La coordination des élites provient également de l’échange de personnel entre les trois hiérarchies d’élite. La proximité des entreprises et des responsables gouvernementaux peut être vue, affirme Mills, par la facilité et la fréquence avec lesquelles les hommes passent d’une hiérarchie à l’autre. Mills a également affirmé qu’une bonne partie de la coordination provient d’une intégration structurelle croissante des institutions dominantes. Au fur et à mesure que chacun des domaines d’élite devient plus grand, plus centralisé et plus conséquent dans ses activités, son intégration avec les autres sphères devient plus prononcée.

Des trois secteurs du pouvoir institutionnel, affirme Mills, le secteur des entreprises est le plus puissant. Mais l’élite au pouvoir ne peut être comprise comme un simple reflet des élites économiques ; c’est plutôt l’alliance du pouvoir économique, politique et militaire. Mills a vu deux autres niveaux de pouvoir dans la société américaine en dessous de l’élite au pouvoir. En bas se trouvent les grandes masses de gens. En grande partie non organisés, mal informés et pratiquement impuissants, ils sont contrôlés et manipulés d’en haut. Les masses sont économiquement dépendantes ; ils sont économiquement et politiquement exploités. Parce qu’elles sont désorganisées, les masses sont très éloignées du public démocratique classique dans lequel les organisations bénévoles détiennent la clé du pouvoir.

Entre les masses et l’élite, Mills voyait un niveau intermédiaire de pouvoir. Composés de leaders d’opinion locaux et de groupes d’intérêts particuliers, ils ne représentent pas les masses et n’ont aucun effet réel sur l’élite. Mills considérait le Congrès américain et les partis politiques américains comme le reflet de ce pouvoir intermédiaire. Bien que le Congrès et les partis politiques débattent et décident de certaines questions mineures, l’élite au pouvoir veille à ce qu’aucune remise en cause sérieuse de son autorité et de son contrôle ne soit tolérée dans l’arène politique. Les positions des élites leur permettent de transcender les milieux ordinaires des hommes et des femmes. L’élite a accès à des leviers de pouvoir qui rendent leurs décisions (ainsi que leur inaction) conséquentes.

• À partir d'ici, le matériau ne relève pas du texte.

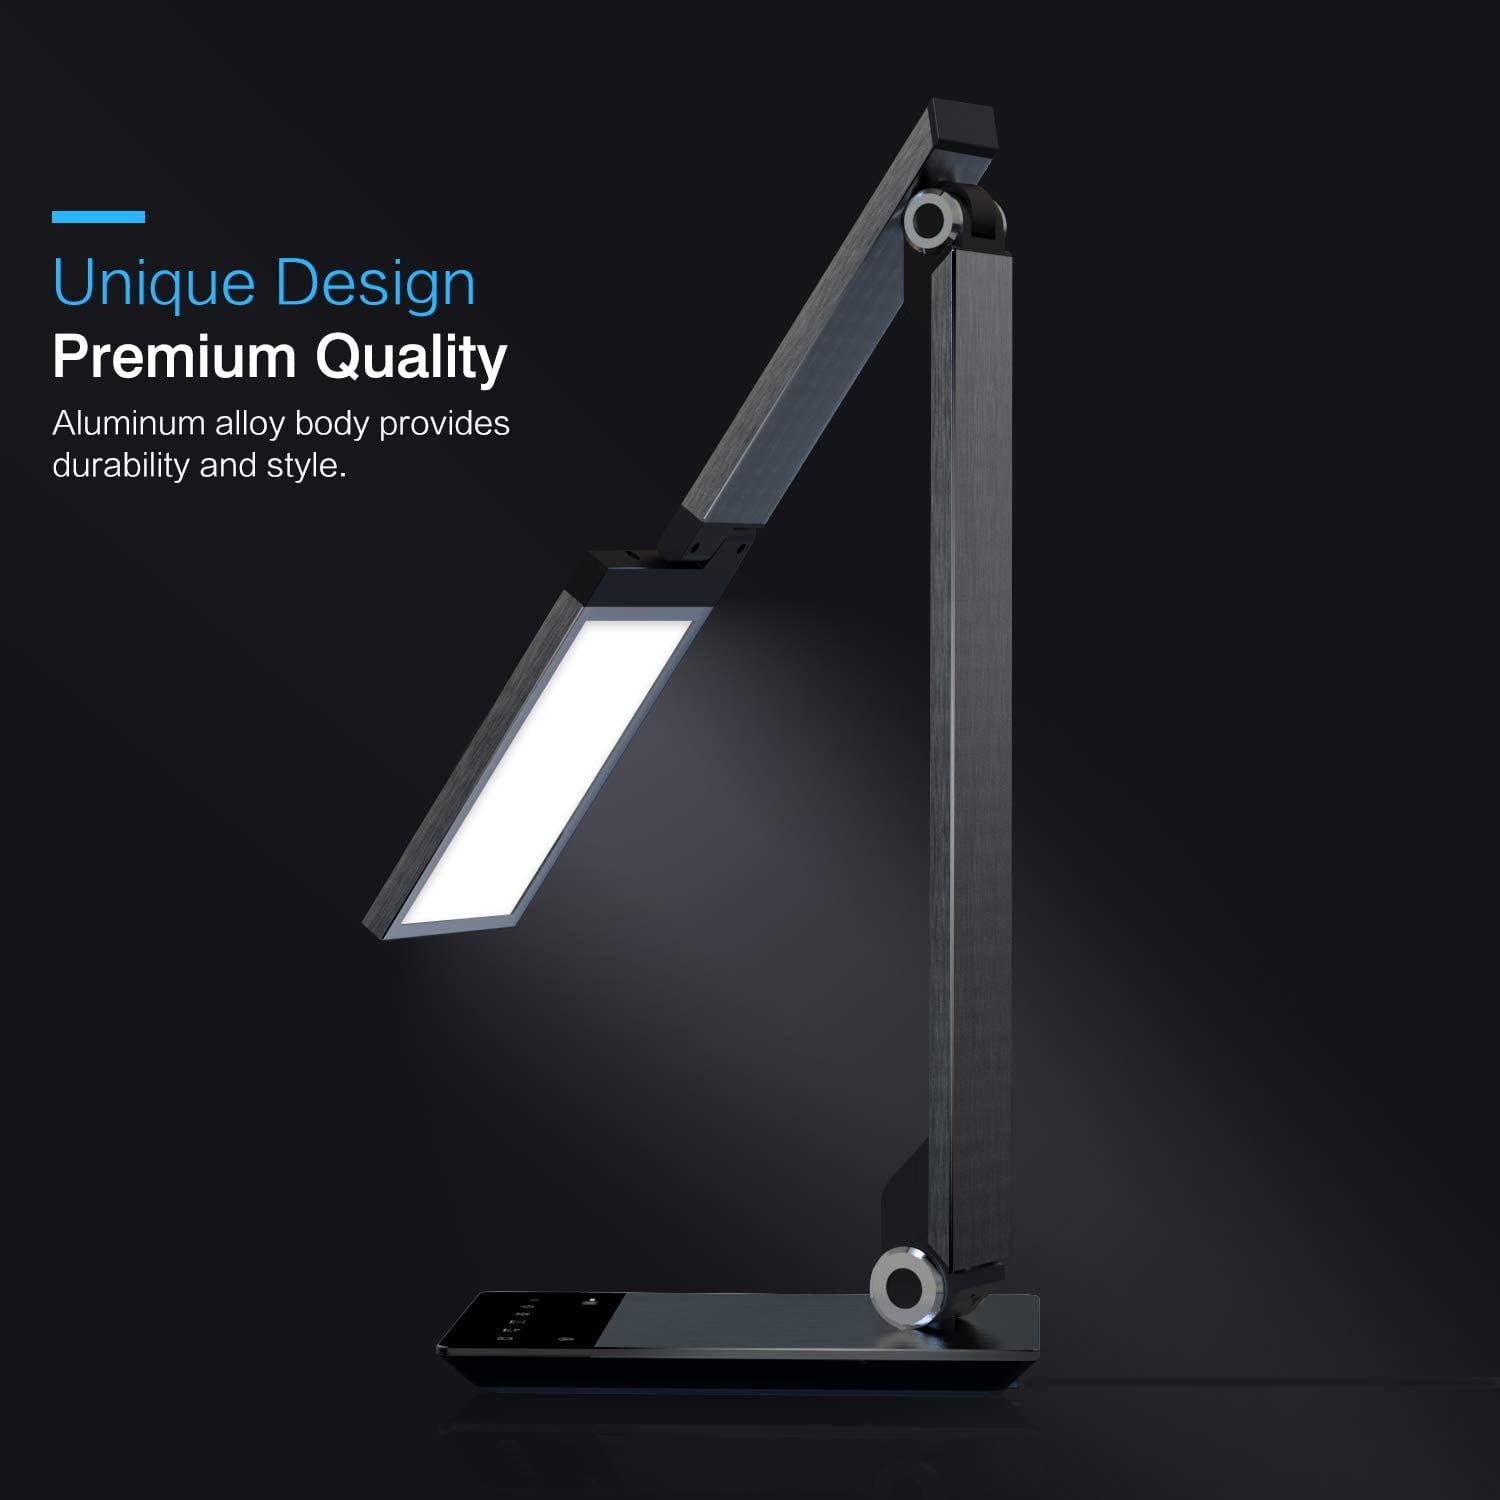 Sleep Mode LED Desk Lamp 5V 2.4A USB Charging Port MoKo Smart Touch Stylish Metal Table Lamp Space Gray Memory Function Rotatable Home Office Lamp with Stepless Brightness/Color Temperature

En 1958 (Causes of World War III), Mills semblait beaucoup plus préoccupé par la montée du militarisme parmi les élites que par l’hypothèse selon laquelle de nombreuses élites étaient des militaires. Selon Mills, la montée de l’État militaire sert les intérêts de l’élite des sociétés industrielles. Pour le politicien, la projection de la puissance militaire sert de couverture à son manque de vision et de leadership novateur. Pour les élites des entreprises, les préparatifs de guerre et la projection de la puissance militaire sous-tendent leur recherche et développement et fournissent une garantie de profits stables grâce aux subventions des entreprises. Ce militarisme est inculqué à la population par le patriotisme scolaire et de chaire, par la manipulation et le contrôle de l’information, par la culture des leaders d’opinion et de l’idéologie non officielle.

Mais ce n’est pas seulement l’existence d’une élite au pouvoir qui a permis à ce militarisme fabriqué de dominer. Elle a également été rendue possible par l’apathie et l’insensibilité morale des masses et par l’inactivité politique des intellectuels dans les pays communistes et capitalistes. La plupart des leaders intellectuels, scientifiques et religieux font écho aux confusions élaborées de l’élite. Ils refusent de remettre en question les politiques des élites, ils refusent de proposer des alternatives. Ils ont abdiqué leur rôle, ils permettent à l’élite de gouverner sans entrave.


« Je ne crois pas que les sciences sociales «sauveront le monde», même si je ne vois rien de mal à «essayer de sauver le monde» … S’il existe des moyens de sortir des crises de notre époque au moyen de l’intellect, il n’appartient pas au sociologue de les énoncer ? … C’est au niveau de la conscience humaine que pratiquement toutes les solutions aux grands problèmes doivent maintenant se trouver. »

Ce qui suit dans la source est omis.